Question

[Solved] The tilde operator in C

I’ve seen the tilde operator used in the ELF hashing algorithm, and I’m curious what it does. (The code is from Eternally Confused.)

unsigned elf_hash ( void *key, int len )
{
  unsigned char *p = key;
  unsigned h = 0, g;
  int i;

  for ( i = 0; i < len; i++ ) {
    h = ( h << 4 ) + p[i];
    g = h & 0xf0000000L;

    if ( g != 0 )
      h ^= g >> 24;

    h &= ~g;
  }

  return h;
}

Solution #1:

The ~ operator is bitwise NOT, it inverts the bits in a binary number:

NOT 011100
  = 100011
Respondent: GWW

Solution #2:

~ is the bitwise NOT operator. It inverts the bits of the operand.

For example, if you have:

char b = 0xF0;  /* Bits are 11110000 */
char c = ~b;    /* Bits are 00001111 */
Respondent: dlev

Solution #3:

This is the bitwise NOT operator.
It flips all the bits in a number: 100110 -> 011001

Respondent: immortal

Solution #4:

The tilde character is used as an operator to invert all bits of an integer (bitwise NOT).

For example: ~0x0044 = 0xFFBB.

Respondent: Cedekasme

Solution #5:

It is the bitwise NOT operator. It inverts all bits in an integer value.

Respondent: Sander De Dycker

Solution #6:

Tilde operator (~) also called bitwise NOT operator, performs one’s complement of any binary number as argument.
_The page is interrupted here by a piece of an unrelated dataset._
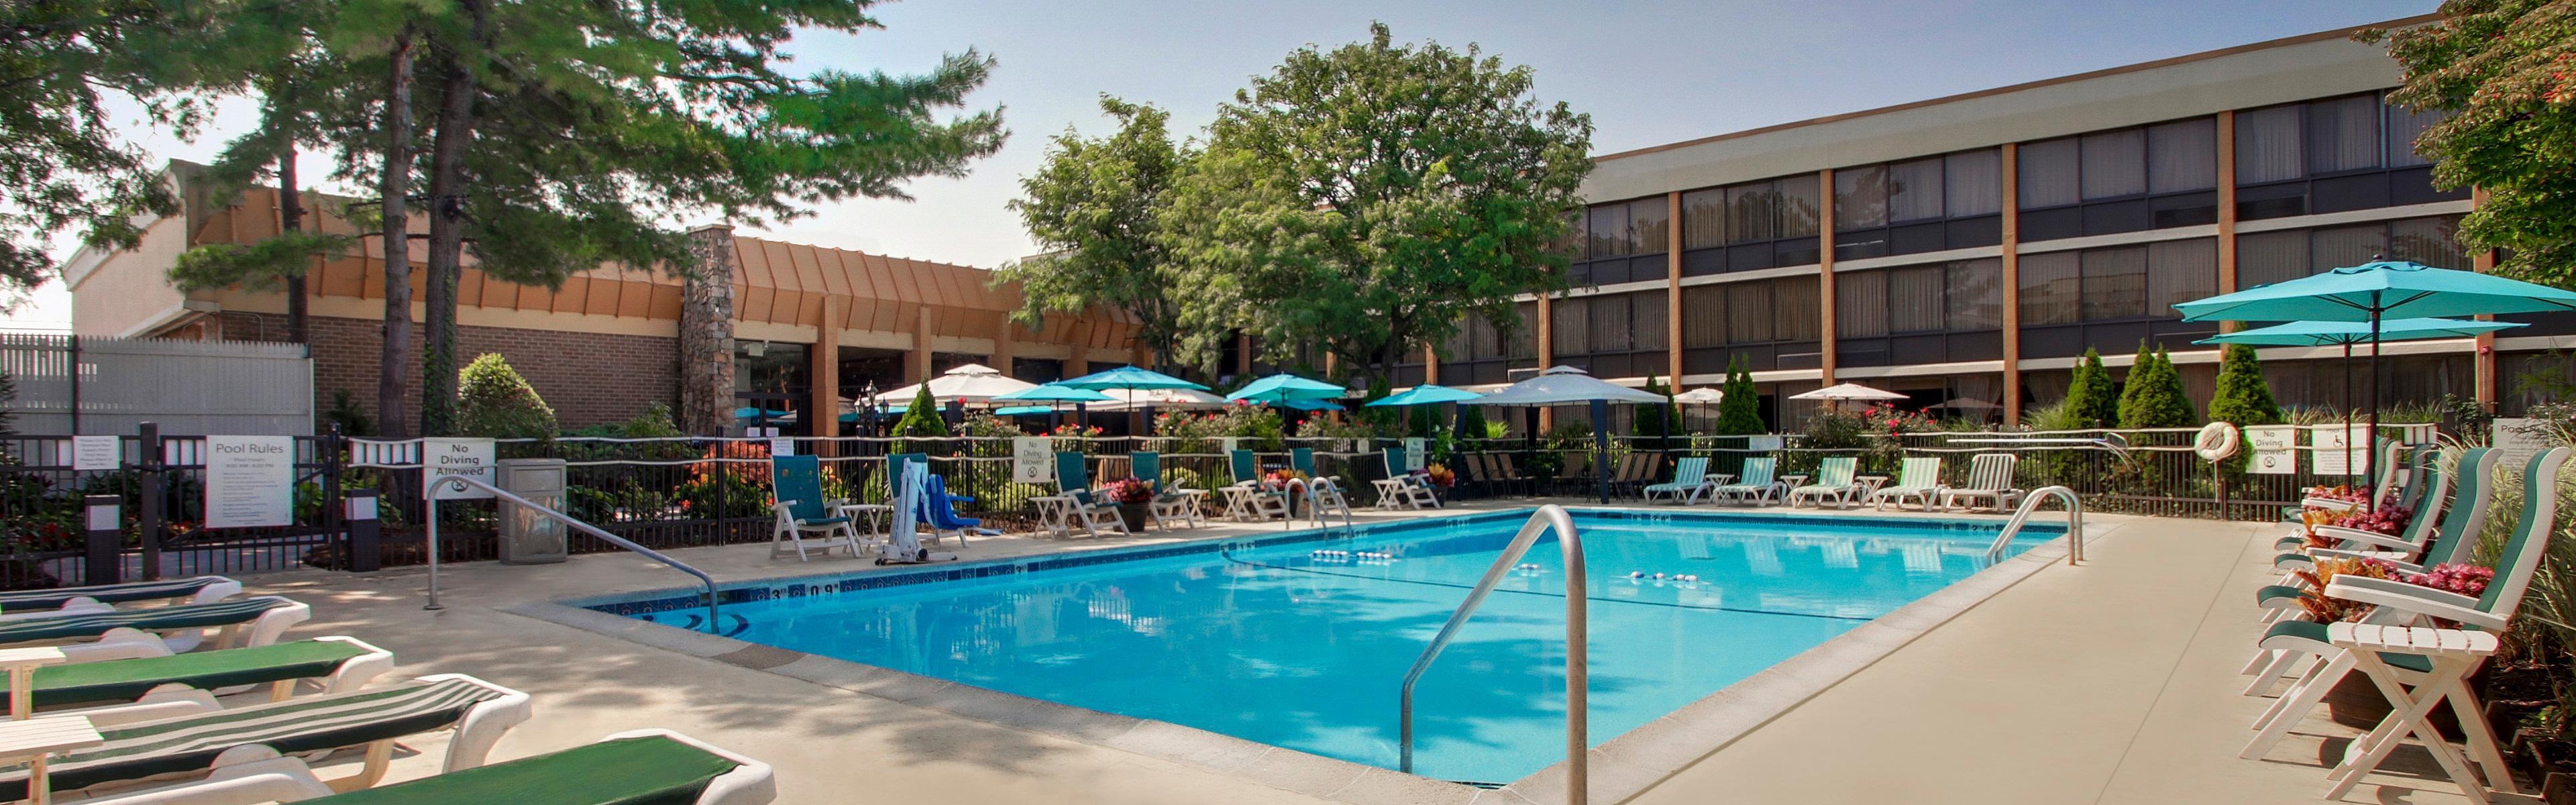 Holiday Inn Westbury-Long Island image 2

If the operand to NOT is decimal number then it convert it as binary and perform’s one’s complement operation.

To calculate one’s complement simply invert all the digit [0–>1] and [1–>0]
Ex : 0101 = 5; ~(0101) = 1010.
Use of tilde operator :
1. It is used in masking operation , Masking means setting and resetting the values inside any register . for ex :

char mask ;
mask = 1 << 5 ;

It will set mask to a binary value of 10000 and this mask can be used to check the bit value present inside other variable .

int a = 4;
int k = a&mask ; if the 5th bit is 1 , then k=1 otherwise k=0. 

This is called Masking of bits.
2.To find binary equivalent of any number using masking properties.

#include<stdio.h>
void equi_bits(unsigned char);
int main()
{
    unsigned char num = 10 ;
    printf("nDecimal %d is same as binary ", num);
    equi_bits(num);
    return 0; 
} 
void equi_bits(unsigned char n)
{
  int i ; 
  unsigned char j , k ,mask ;
  for( i = 7 ; i >= 0 ; i--)
  {
     j=i;
     mask = 1 << j;
     k = n&mask ; // Masking
     k==0?printf("0"):printf("1");
  }  
}

Output : Decimal 10 is same as 00001010

My observation :For the maximum range of any data type , one’s complement provide the negative value decreased by 1 to any corresponding value.
ex:
~1 ——–> -2
~2———> -3
and so on… I will show you this observation using little code snippet

#include<stdio.h>
int main()
{
    int a , b;
    a=10;
    b=~a; // b-----> -11    
    printf("%dn",a+~b+1);// equivalent to a-b
    return 0;
}
Output: 0

Note : This is valid only for the range of data type. means for int data type this rule will be applicable only for the value of range[-2,147,483,648 to 2,147,483,647].
Thankyou …..May this help you

Respondent: Minion

The answers/resolutions are collected from stackoverflow, are licensed under cc by-sa 2.5 , cc by-sa 3.0 and cc by-sa 4.0 .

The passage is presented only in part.